Texas Insurance Code § 1452.151 Definitions

Sec. 1452.151. DEFINITIONS. In this subchapter:

(1) "Applicant podiatrist" means a podiatrist applying for expedited credentialing under this subchapter.

(2) "Enrollee" means an individual who is eligible to receive health care services under a managed care plan.

(3) "Health care provider" means:

(A) an individual who is licensed, certified, or otherwise authorized to provide health care services in this state; or

(B) a hospital, emergency clinic, outpatient clinic, or other facility providing health care services.

(4) "Managed care plan" means a health benefit plan under which health care services are provided to enrollees through contracts with health care providers and that requires enrollees to use participating providers or that provides a different level of coverage for enrollees who use participating providers.

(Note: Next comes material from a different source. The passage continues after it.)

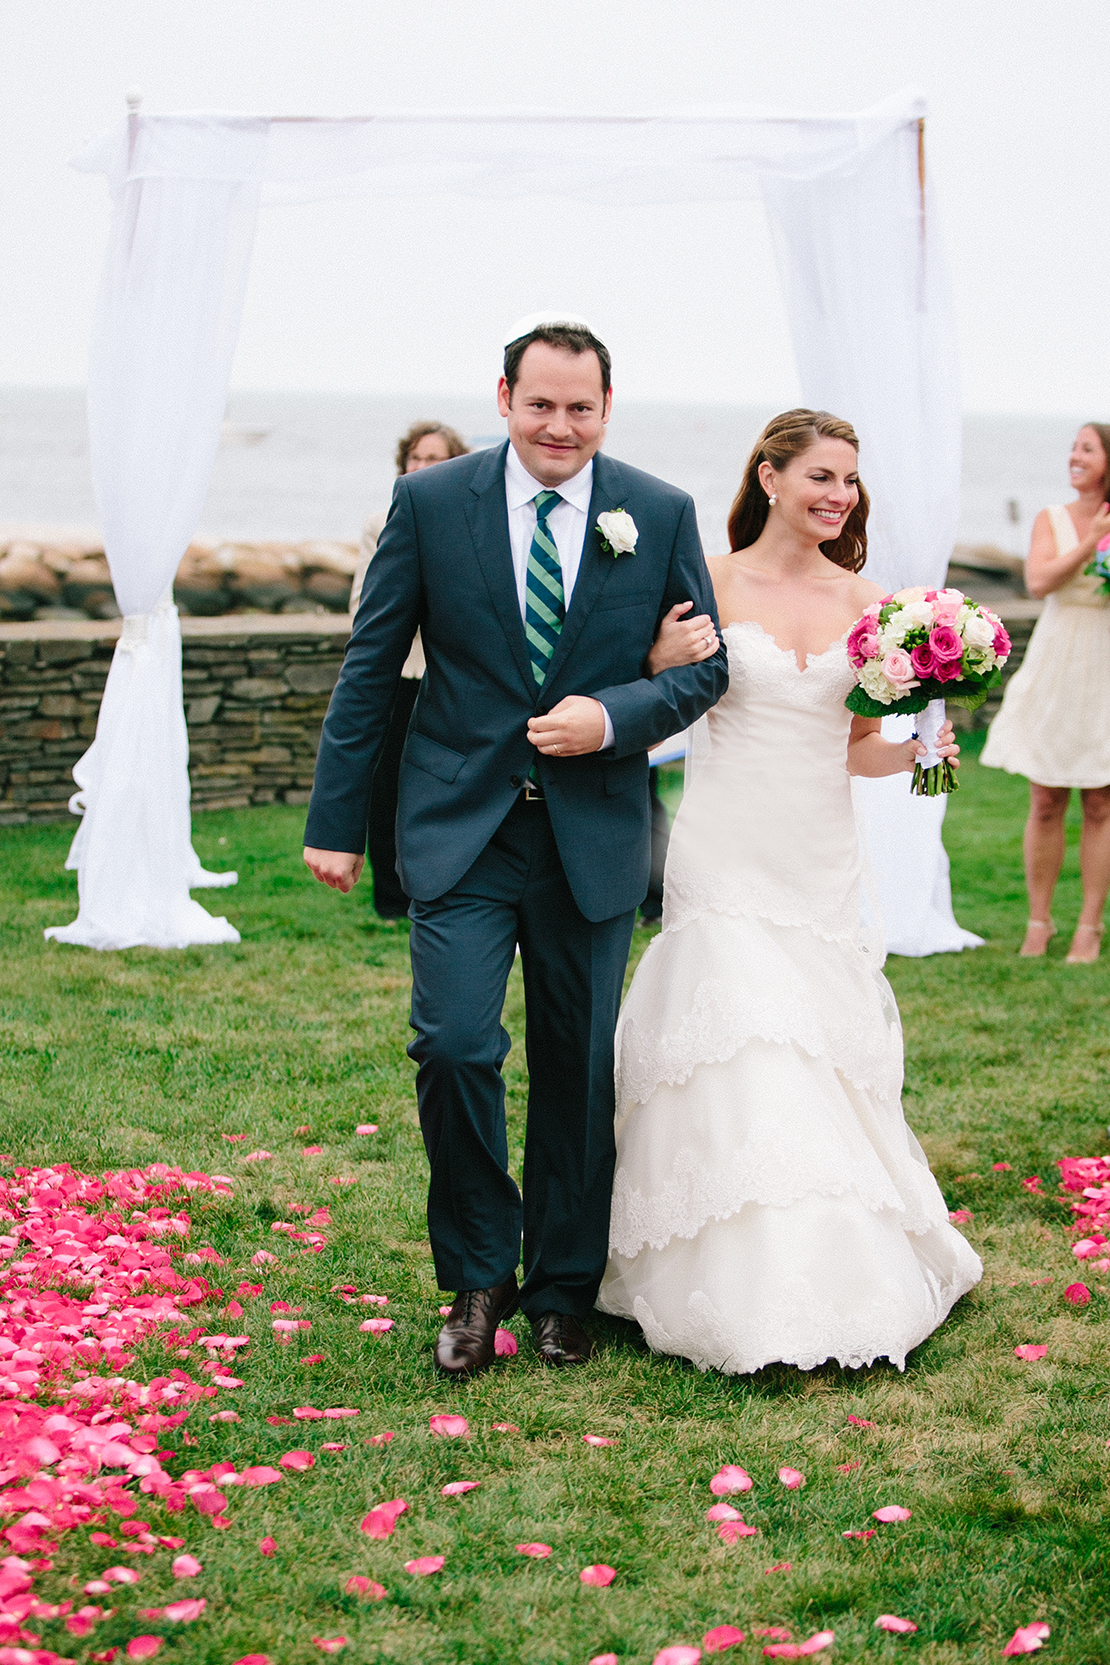 32_wychmere_beach_club_lawn_wedding_ceremony_cape_cod_photography

The term includes a health benefit plan issued by:

(A) a health maintenance organization;

(B) a preferred provider benefit plan issuer; or

(C) any other entity that issues a health benefit plan, including an insurance company.

(5) "Participating provider" means a health care provider who has contracted with a health benefit plan issuer to provide services to enrollees.

(6) "Professional practice" means a business entity that is owned by one or more podiatrists or physicians.

Added by Acts 2013, 83rd Leg., R.S., Ch. 79 (S.B. 365), Sec. 1, eff. September 1, 2013.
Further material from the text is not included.